A Spec ECU and datalogger system will be made compulsory in MotoGP from 2014, governing body the FIM has announced

Factory teams will however be granted the allowance of being able to use their own software systems, but only if they also agree to run on 20, rather than 24, litres of fuel for each race.

The FIM stressed however that the changes will only become law at the successful conclusion of negotiations between Dorna and the manufacturers over the supply of prototype chassis and engines.

The announcement comes after months of debate about the sport's future.

Honda threatened it could quit should the introduction of 2013's optional ECU system pave the way for a mandatory policy.

Click here to read what MotoGP's ECU row could mean for the sport's future

The impasse has effectively been solved by the decision to allow the factory teams to use their own software systems at the expense of four litres of fuel.
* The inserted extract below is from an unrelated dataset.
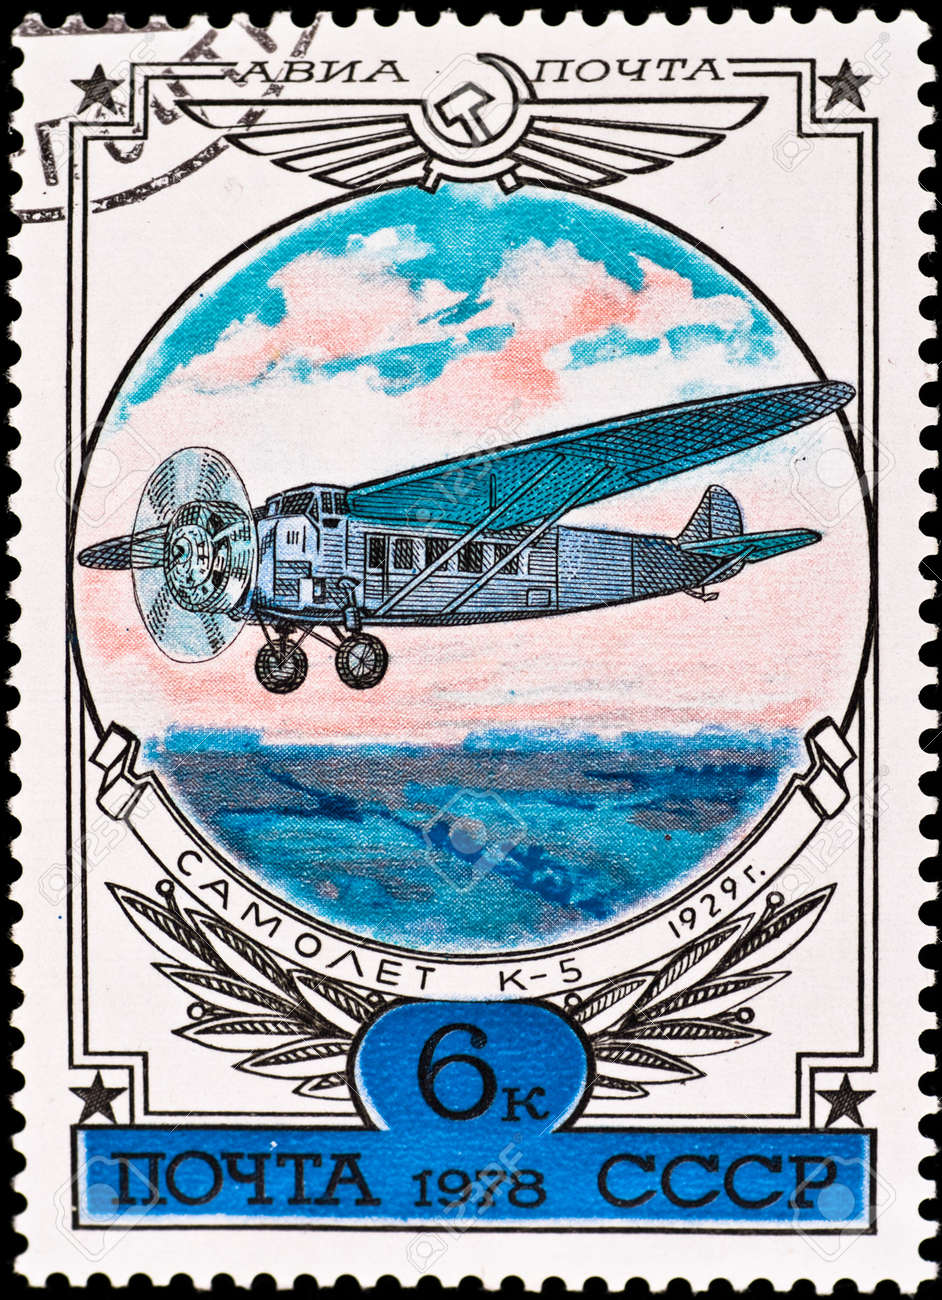 USSR - CIRCA 1978: postage stamp show airplane k-5, circa 1978 Stock Photo - 6218057

In addition to that change, factory teams will only be permitted the use of five engines over one season, compared to 12 engines for every other team. Engine development will be frozen during the season.

With Suzuki being heavily linked with a 2014 return, the FIM also confirmed that a new factory outfit would be allowed nine engines in its first season.

Dorna chief Carmelo Ezpeleta said he expected a deal for the factory teams to supply prototype machinery at a set cost, as reported by AUTOSPORT last month, to be imminent.

The FIM has set a deadline of the first race of 2013, effectively 31 March, for contract talks to be concluded. Should they fail, spec ECU systems are not certain be written into the sport's regulations.

"We'll do a commercial deal with the manufacturers to have satellite bikes leased for a maximum price of 1.5 million Euros," Ezpeleta told Gazzetta dello Sport.

"Purchasing the bikes for others will cost 1 million instead: Honda has already agreed, probably Yamaha will do so too and Ducati is welcome to as well.

"I'll ask each manufacturer for the bikes, based on teams' requests, while I'll directly guarantee for the payments."

Alongside the MotoGP changes, the FIM announced that Moto2 will now operate a minimum weight of 215kg for bike and rider. The current regulations impose only a minimum bike weight.